The Higgs boson is delightfully stirring the mud puddle in the astrophysics community even after found! Instead of clearing everything up, now more questions have to be asked.
British cosmologists are puzzled: they predict that the universe should not have lasted for more than a second. This startling conclusion is the result of combining the latest observations of the sky with the recent discovery of the Higgs boson. Robert Hogan of King's College London (KCL) presents the new research on June 24 at the Royal Astronomical Society's National Astronomy Meeting in Portsmouth.
The controversy seems to be about one of the predictions of BICEP2 allegedly being observed, and if so, Robert Hogan seems to think that if they did see this effect, then the universe would not exist today, it would have went straight to 'Big Crunch' right after the 'Big Bang'.
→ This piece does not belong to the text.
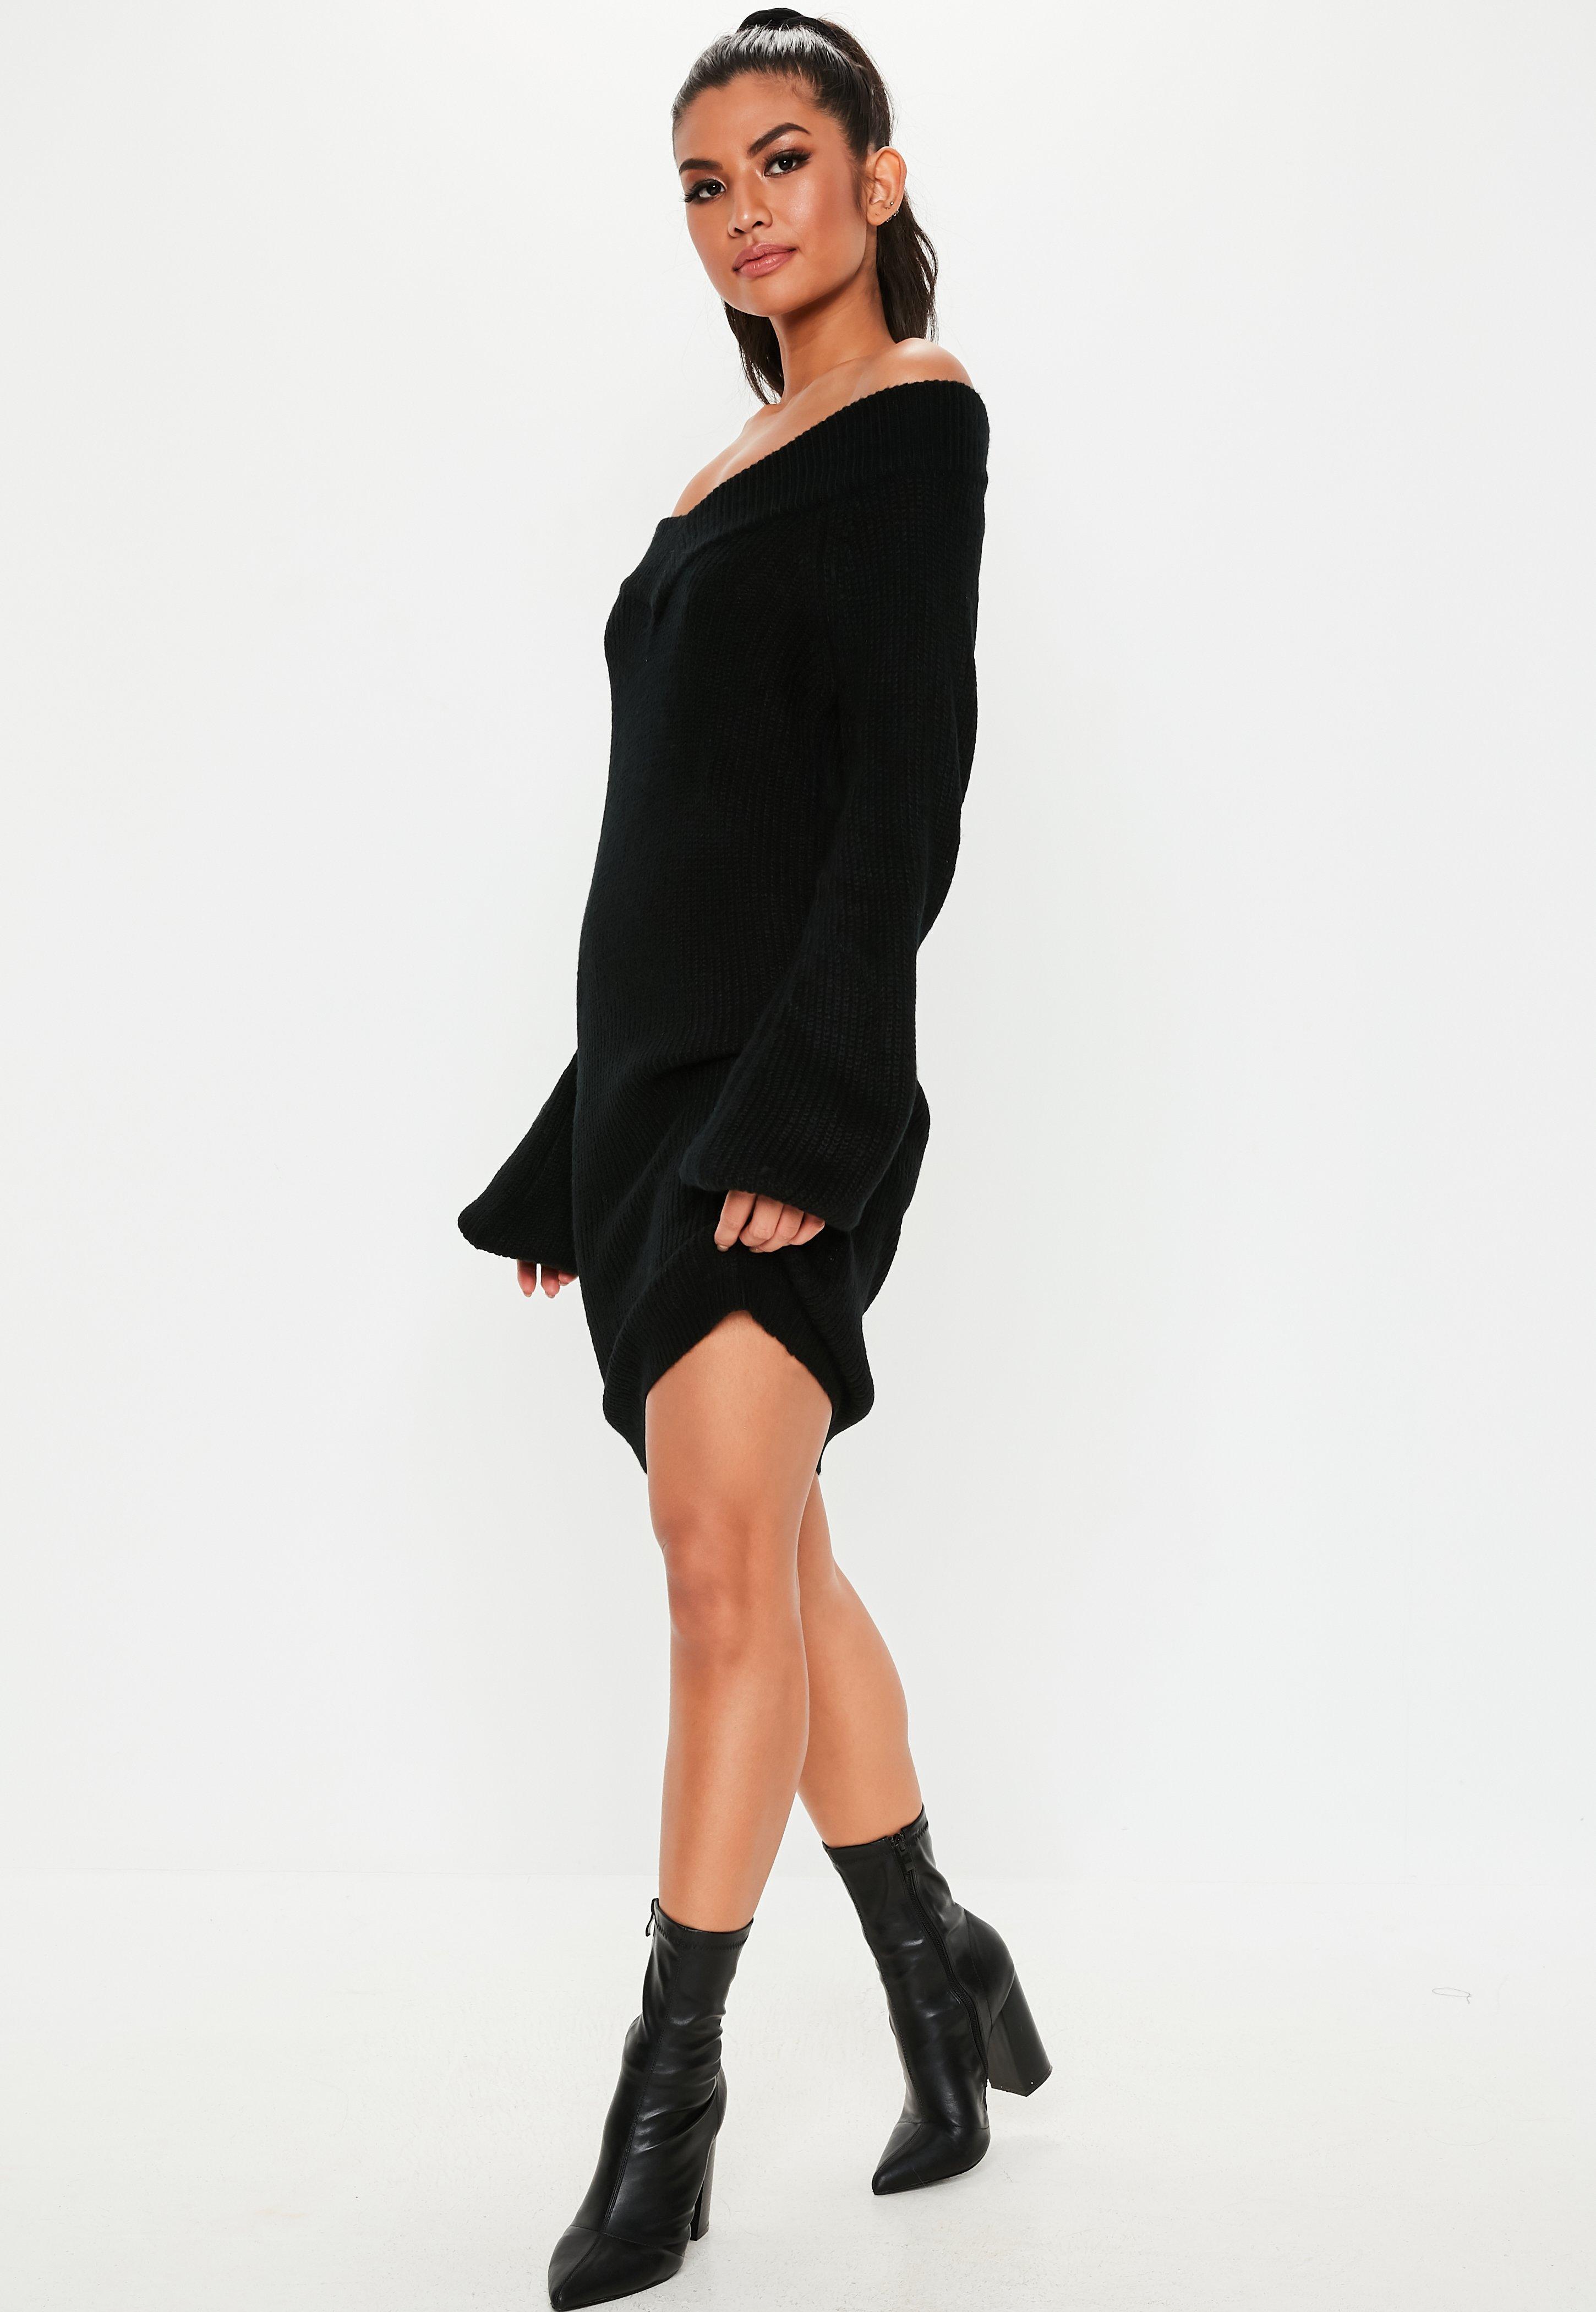 d6230ebb735 Petite Black V Neck Jumper Dress

Pop the corn, this may be a good one!
(Score: 4, Interesting) by edIII on Wednesday June 25 2014, @05:36AM
I'm not so sure about that.
I'm not an astrophysicist or quantum field theorist, so I can't speak from authority either. I do hear about it a lot, and one of things I've noticed is that there is a heck of a lot math involved. It's all tied to observations and whether or not they fit a model.
Part of what I've been sold on by people is that the Big Bang theory is supported by observations, and is not in the same ballpark as creationism. Creationism operates solely on circular reasoning because God can be neither proved or disproved. It begins with the assumption that God exists, he sent Jesus, and the Bible is 100% fact. It's also the rejection of any kind of observations and theories that can prove the "Bible Model" not being perfect.
If gravity was denied in the Bible, they would deny gravity just like Bugs Bunny, and that's looney tunes.
The Big Bang has, at minimum, some observations and actual data. That's already infinitely more than Creationism.
Technically, lunchtime is at any moment. It's just a wave function.